Toymaker Mattel has shelved plans to build an “all-in-one voice-controlled smart baby monitor,” after complaints about the device were raised by privacy advocates and child psychologists. According to a report from The Washington Post, the company said in a statement that the device, named Aristotle, did not “fully align with Mattel’s new technology strategy” and would not be “[brought] to the marketplace.”
Aristotle was unveiled back in January this year by Mattel’s Nabi brand. It combined the smart speaker and digital assistant functionality of Amazon’s Echo with a connected camera that acted as a baby monitor. But the Aristotle was intended to be a much more active presence in children’s lives than an Echo speaker, with Mattel claiming it would read them bedtime stories, soothe them if they cried in the night, and even teach them their ABCs.

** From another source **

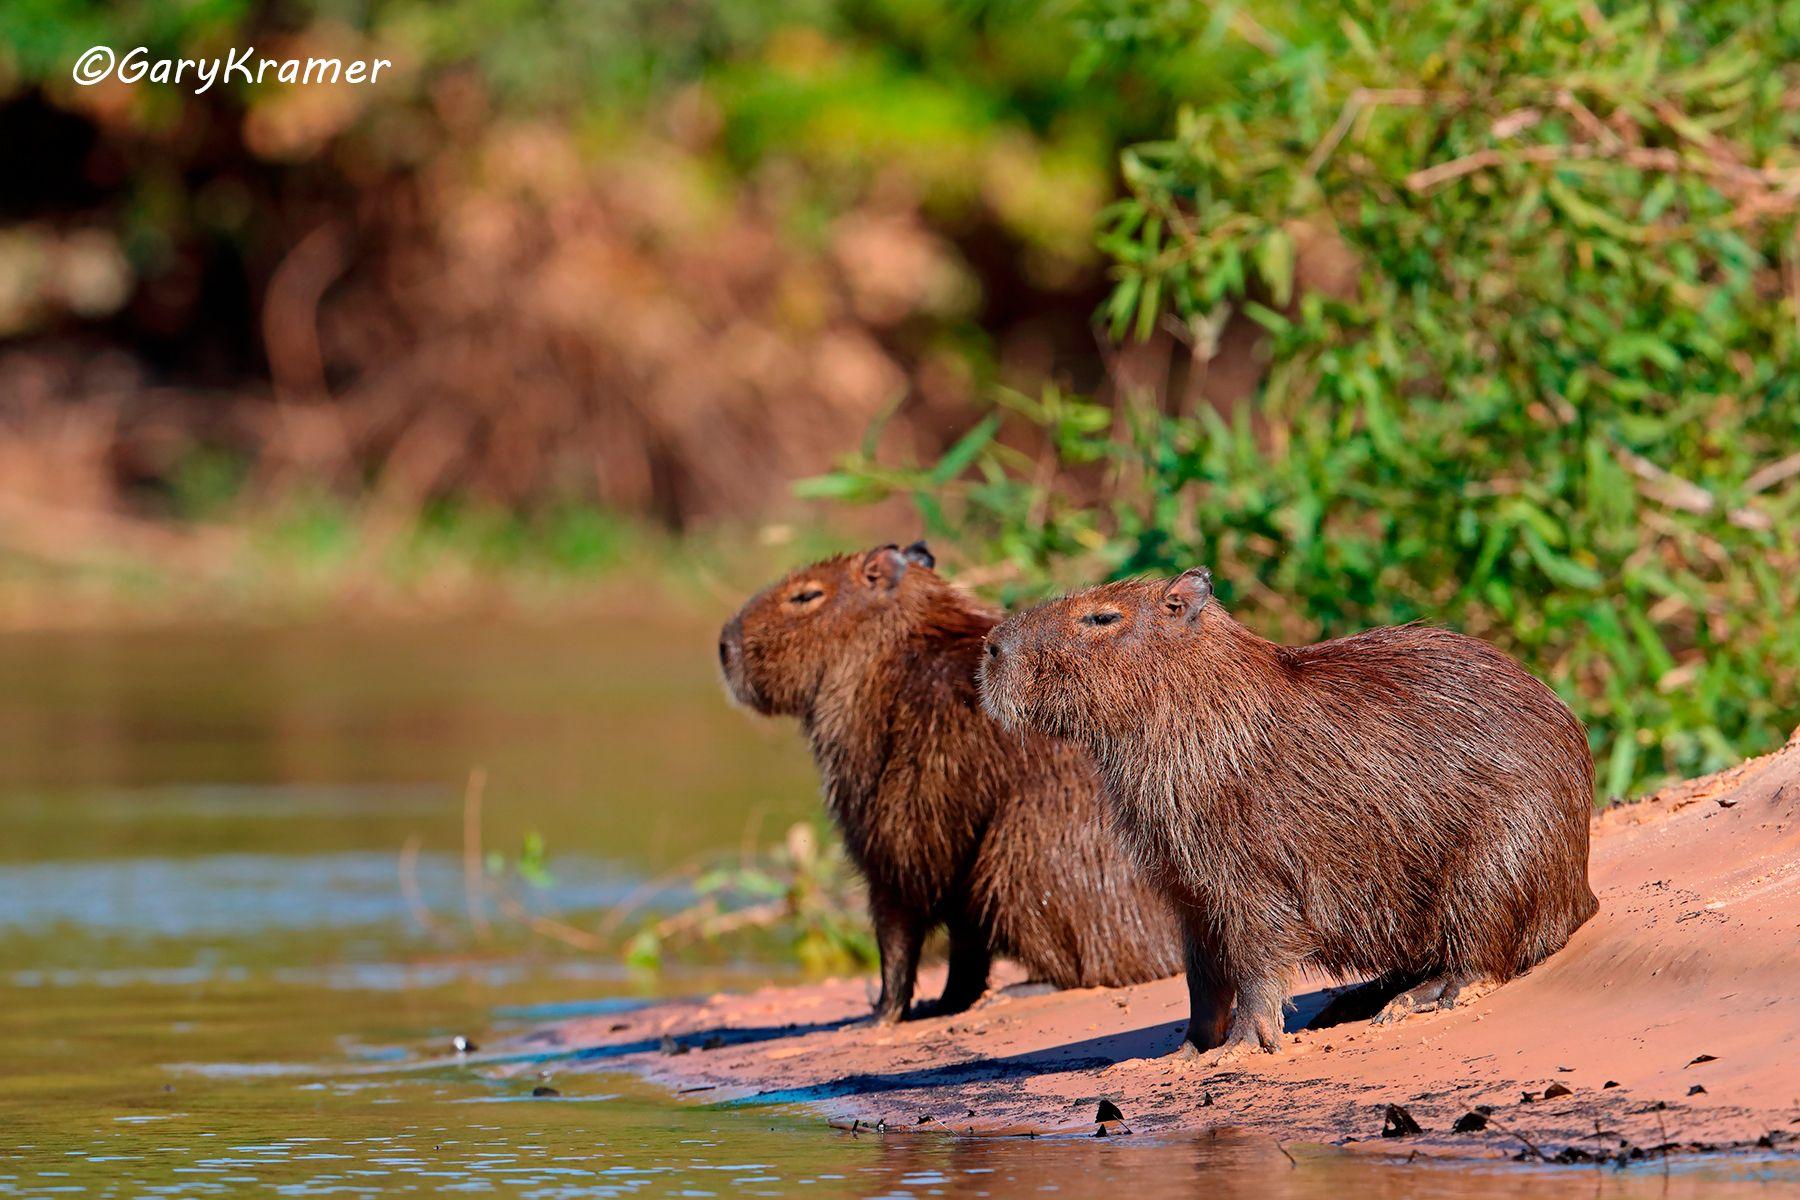 Capybara (Hydrochoerus hydrochoerus) - SMCh#009d

A petition asking Mattel not to release the Aristotle gained more than 15,000 signatories. It was organized by the nonprofit Campaign for a Commercial-Free Childhood, which said the device not only infringed on children’s privacy by collecting their data, but could have an unknown effect on their psychological development. Politicians also added their voices to the chorus of dissent, with Senator Edward J. Markey and Representative Joe Barton sending Mattel a letter asking how they would protect children’s data. (Mattel says the device would have used encryption to keep private information safe and promised not to sell data to advertisers.)
For some complainants though, the objections were more deep-rooted: that the Aristotle encouraged parents to use technology as a substitute for human interaction.
“My main concerns about this technology — apart from the privacy concerns that [Markey and Barton] are trying to address — is the idea that a piece of technology becomes the most responsive household member to a crying child, a child who wants to learn, or a child’s play ideas,” pediatrician Jennifer Radesky, author of the American Association of Pediatrics’ 2016 media guidelines for children aged zero to six years old, told The Washington Post.
With the proliferation of voice-activated electronics, this is becoming an increasingly common concern. Studies have shown children tend to believe robots are “social beings” with “mental states,” and interact with them accordingly. Anecdotal reports of Alexa “teaching” children to be rude (by not requiring that they say “please” and “thank you”) are also common. Parents have long worried about the effects of smartphones and tablets on young children, but voice interfaces allow this relationship with the digital world to begin at a younger age. Artificial intelligence also makes these experiences richer and more engaging.
Just yesterday, Google released an AI-powered camera that’s designed to automatically snap the most interesting pictures of children and pets. It’s not designed to interact with children directly, but shows the increasing use of technology as a mediating presence between adults and offspring. The Aristotle may have been shelved, but its replacement is probably already in development.